Reprimiendo su sorpresa, Inyanna asintió. El noble hizo una inclinación de cabeza y se volvió. Compró tres minúsculas tallas, dejó una bolsa de monedas en el mostrador y se marchó con sus tres acompañantes. Inyanna contempló maravillada la obra de arte que tenía en la mano. Sidoun salió de las sombras.

—¡Eso vale diez reales! ¡Véndelo al mismo comerciante!

—No —dijo ella. Y dirigiéndose al vendedor inquirió—: ¿Quién era ese hombre?

—¿No lo conoce?

—Si lo conociera no le preguntaría su nombre.

—Claro, claro. —El gayrog emitió silbidos—. Es Durand Livolk. Es el chambelán del duque.

—¿Y los otros tres?

—Dos están al servicio del duque, y el tercero es compañero del hermano del duque, Calain.

—Ah —dijo Inyanna. Levantó la esfera de marfil—. ¿Podría montar esto en una cadena?

—Sólo tardaré un momento.

—¿Qué valdrá una cadena digna de este objeto? El gayrog le lanzó una larga, calculadora mirada.

—La cadena es un simple accesorio de la talla. Y puesto que la talla fue un obsequio, así será con la cadena.

El vendedor dispuso finos eslabones de oro en la bola de marfil y metió la joya en una cajita de reluciente piel de estaca.

—¡Por lo menos veinte reales, con la cadena! —murmuró Sidoun, perplejo, en cuanto salieron de la tienda—. ¡Llévalo a esa tienda y véndelo, Inyanna!

—Es un obsequio —dijo ella tranquilamente—. Lo luciré mañana por la noche, cuando cene en la Isla de Narabal.
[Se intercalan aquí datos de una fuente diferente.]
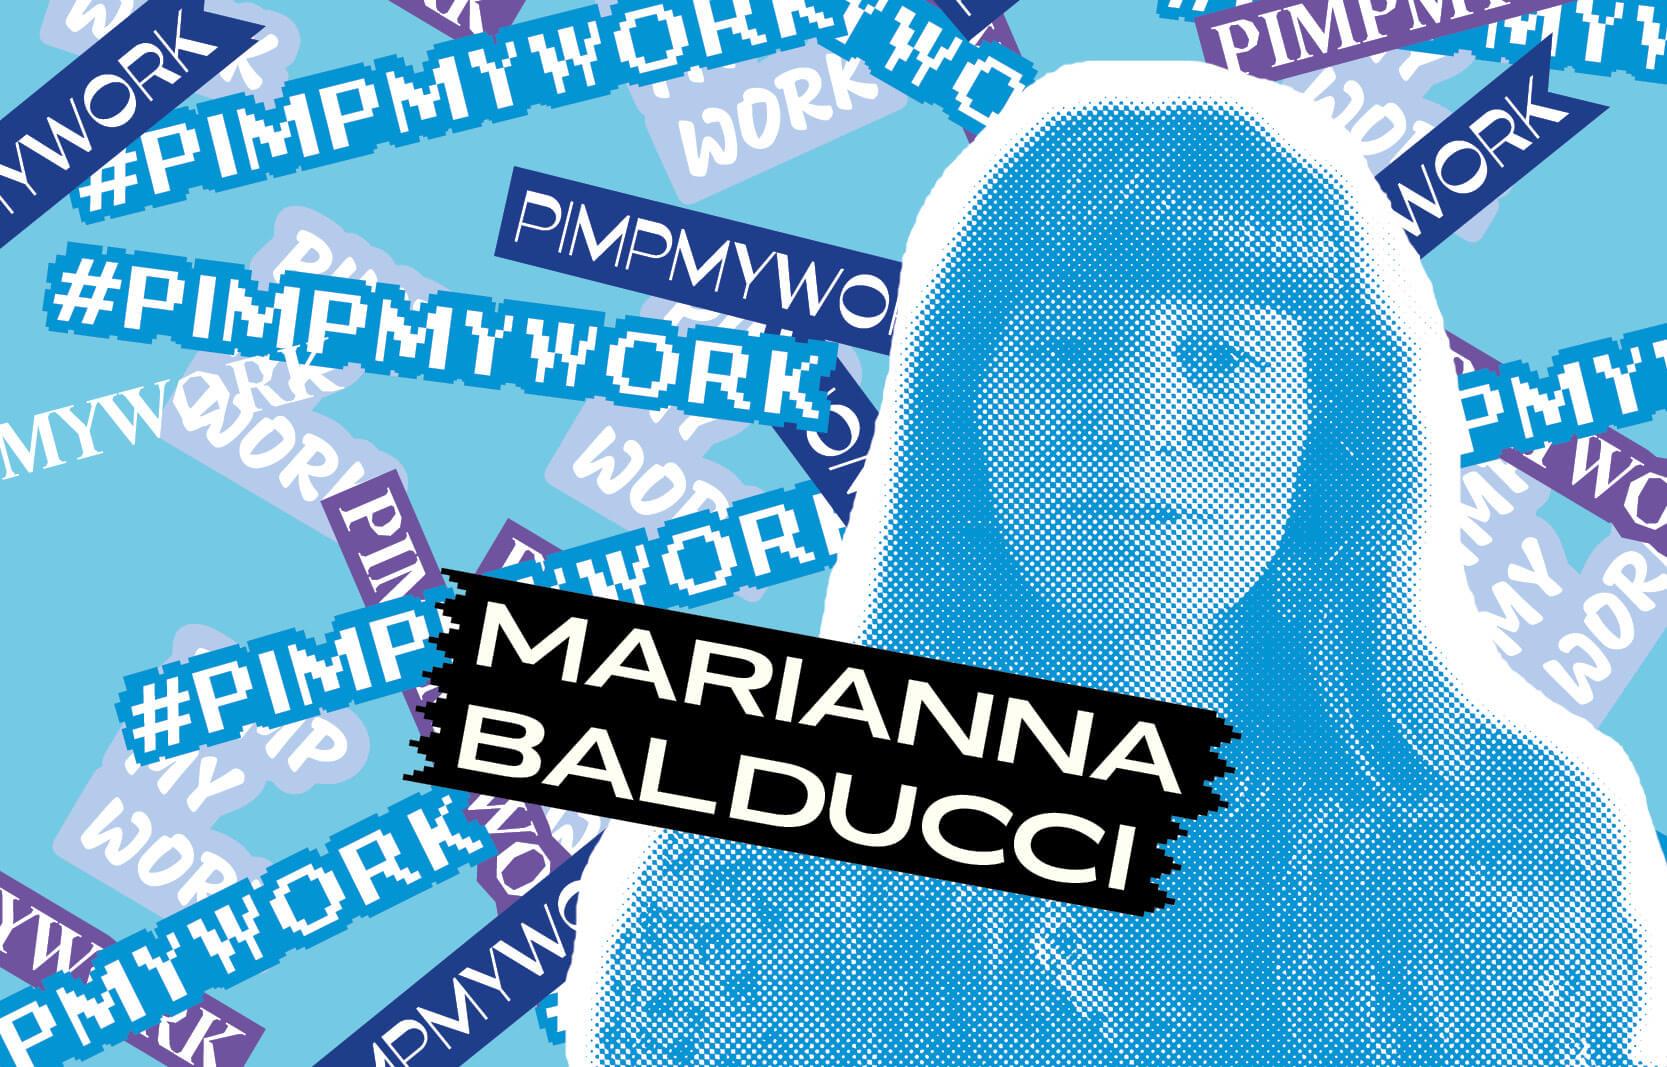 Marianna Balducci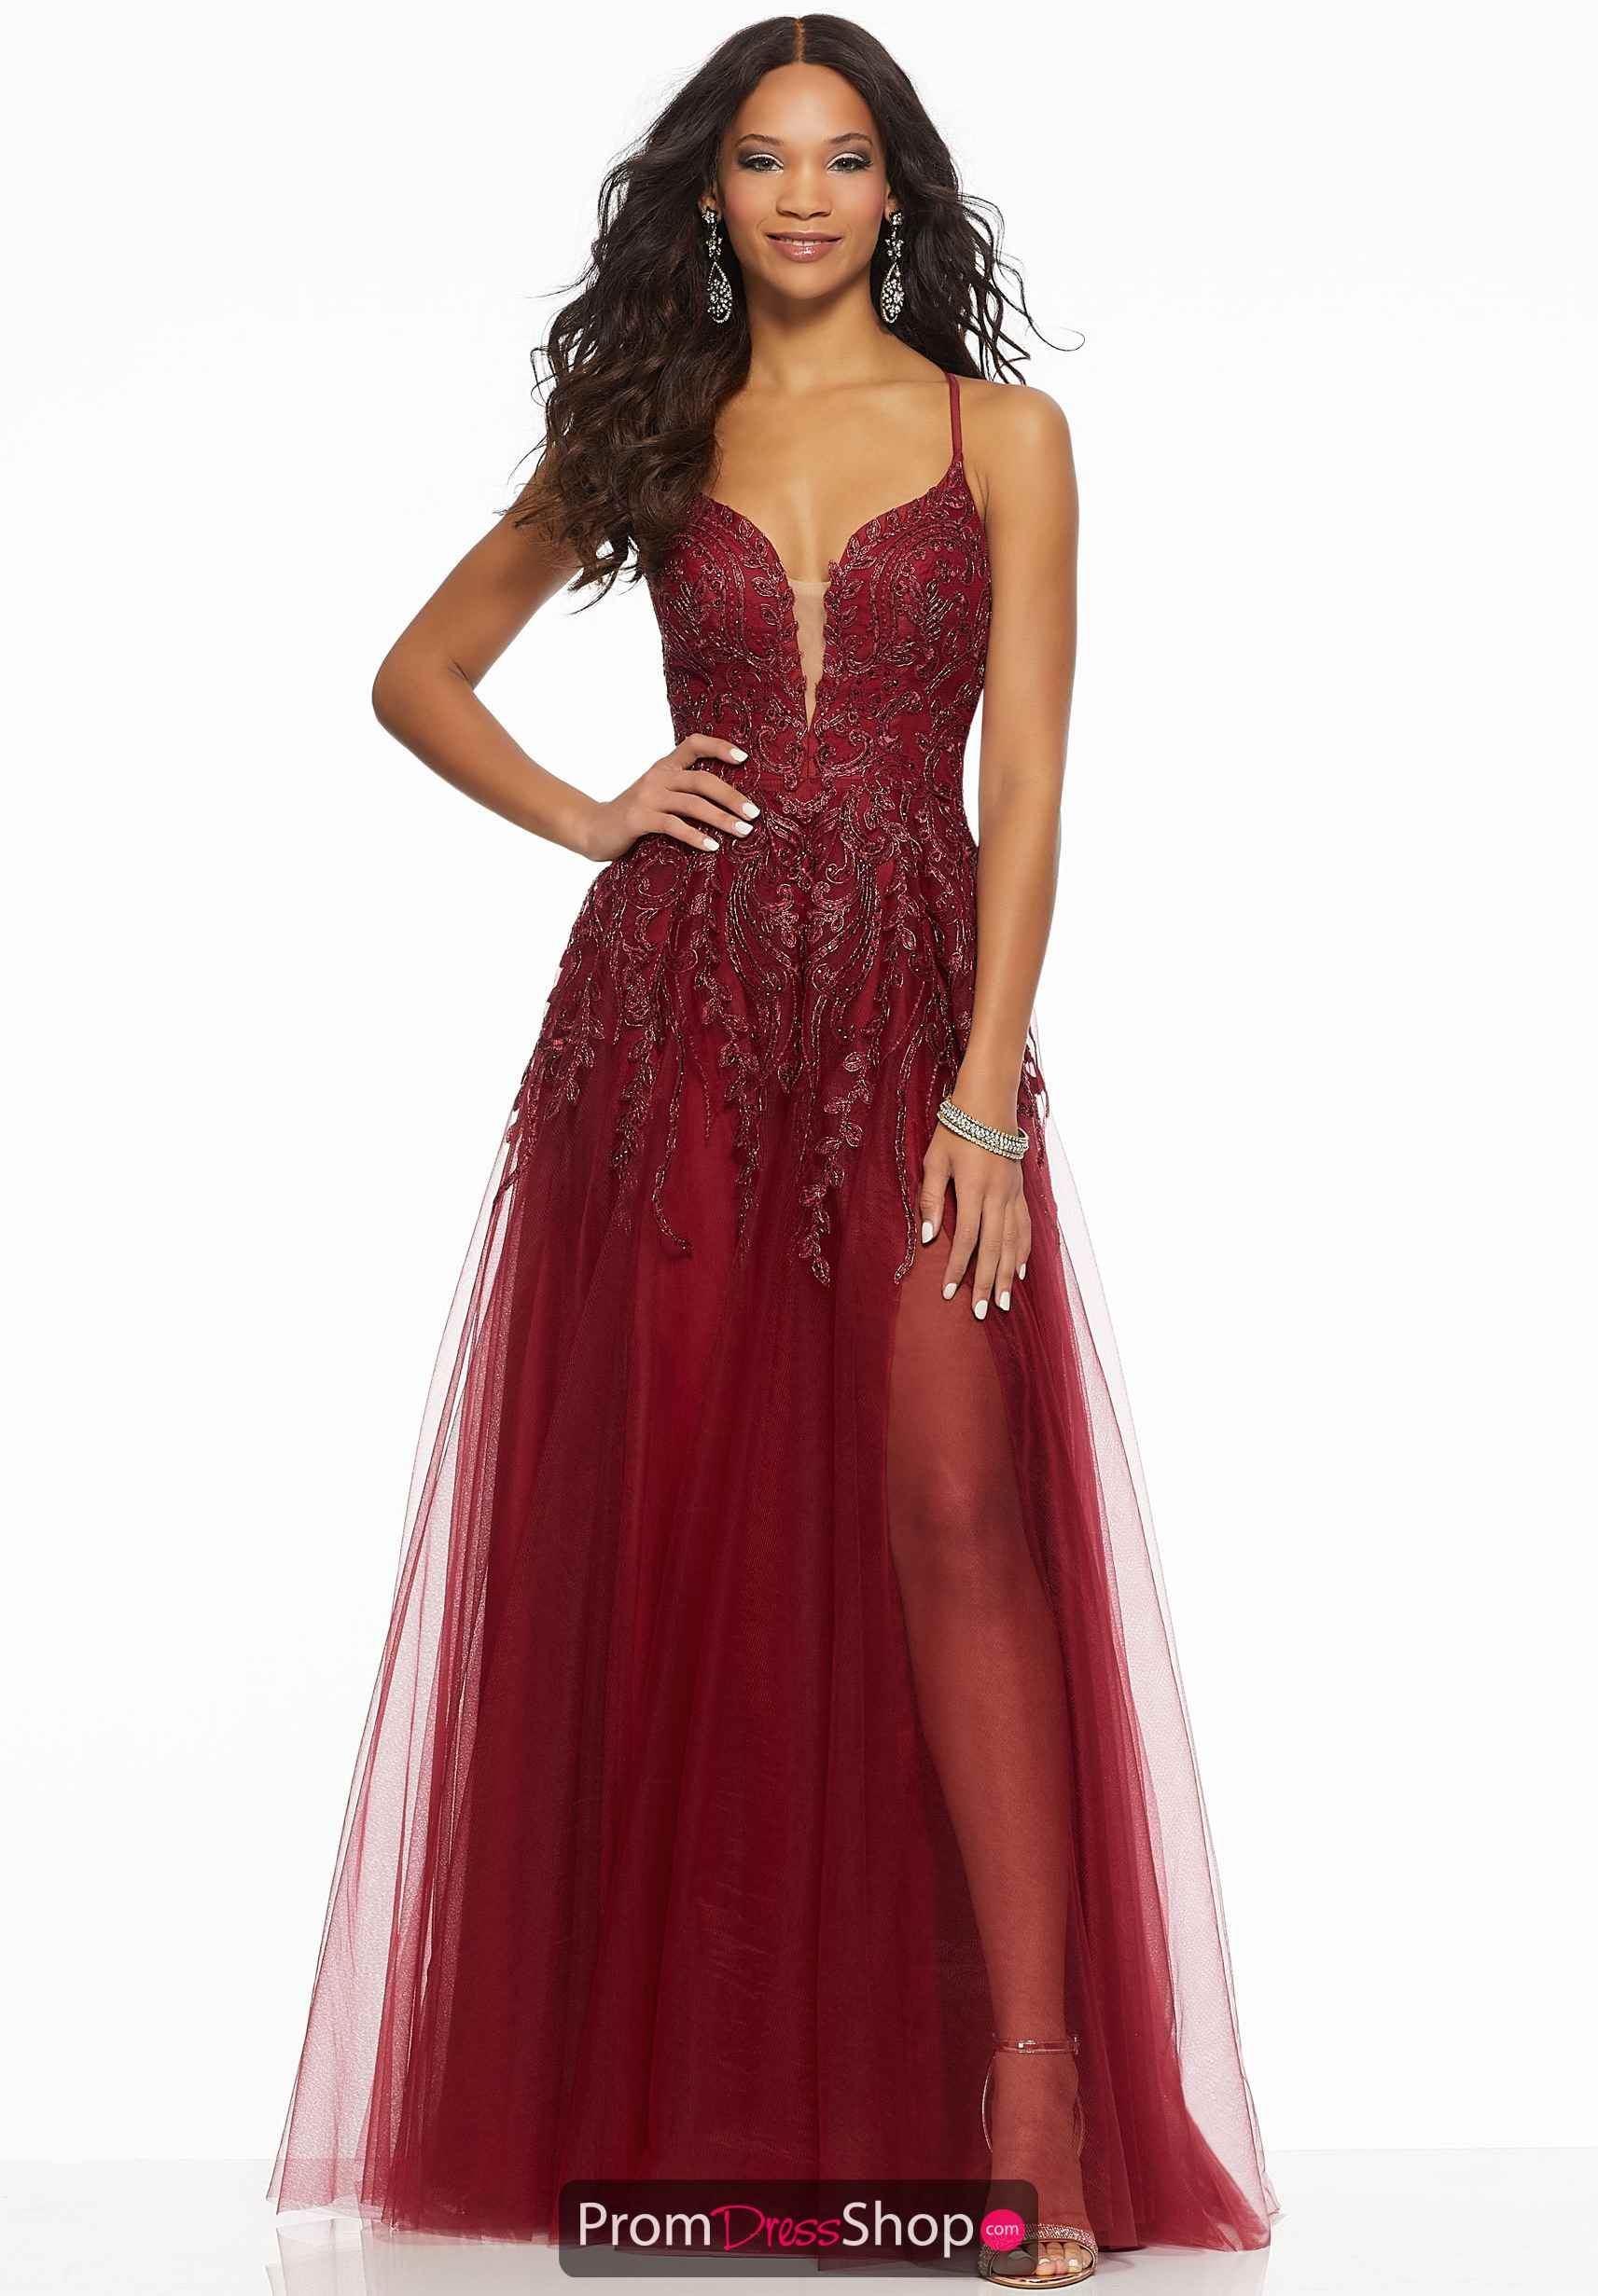 5598b371e18a Wine Mori Lee Prom Dresses, Mermaid Prom Dresses, Sparkly Prom Dresses,  Pageant Dresses

Pero no podía acudir a la cena con la túnica que llevaba puesta. Y encontrar otra tan fina y elegante en las tiendas del Gran Bazar precisó dos horas de diligente trabajo al día siguiente. Pero por fin Inyanna encontró una que era lo más próximo a la desnudez y empero envolvía todo su cuerpo en misterio. Ésa fue la túnica que vistió en la Isla de Narabal, con la talla de marfil suspendida entre sus pechos.

En el restaurante no fue preciso identificarse. Al salir del transbordador, Inyanna fue recibida por un vroon serio y señorial vestido con librea ducal, que la guió por las exuberantes arboledas de parras y helechos hasta llegar a un umbroso cenador, apartado y fragante, en una parte de la isla separada del sector principal por densas espesuras. Tres personas aguardaban a Inyanna en una fulgurante mesa de madera de flor nocturna bajo una maraña de enredaderas cuyos tallos, gruesos y pilosos, soportaban el peso de enormes flores globulares de color azul. Uno de los presentes era Durand Livolk, el hombre que había regalado a Inyanna la talla de marfil. Había una mujer, esbelta y morena, tan elegante y resplandeciente como la misma mesa. Y el tercer comensal era un hombre que casi doblaba la edad de Inyanna, de constitución delicada, con finos labios muy apretados y suaves facciones. Los tres iban vestidos con tanto esplendor que Inyanna imaginó ir vestida con andrajos. Durand Livolk se levantó tranquilamente y se acercó a la recién llegada.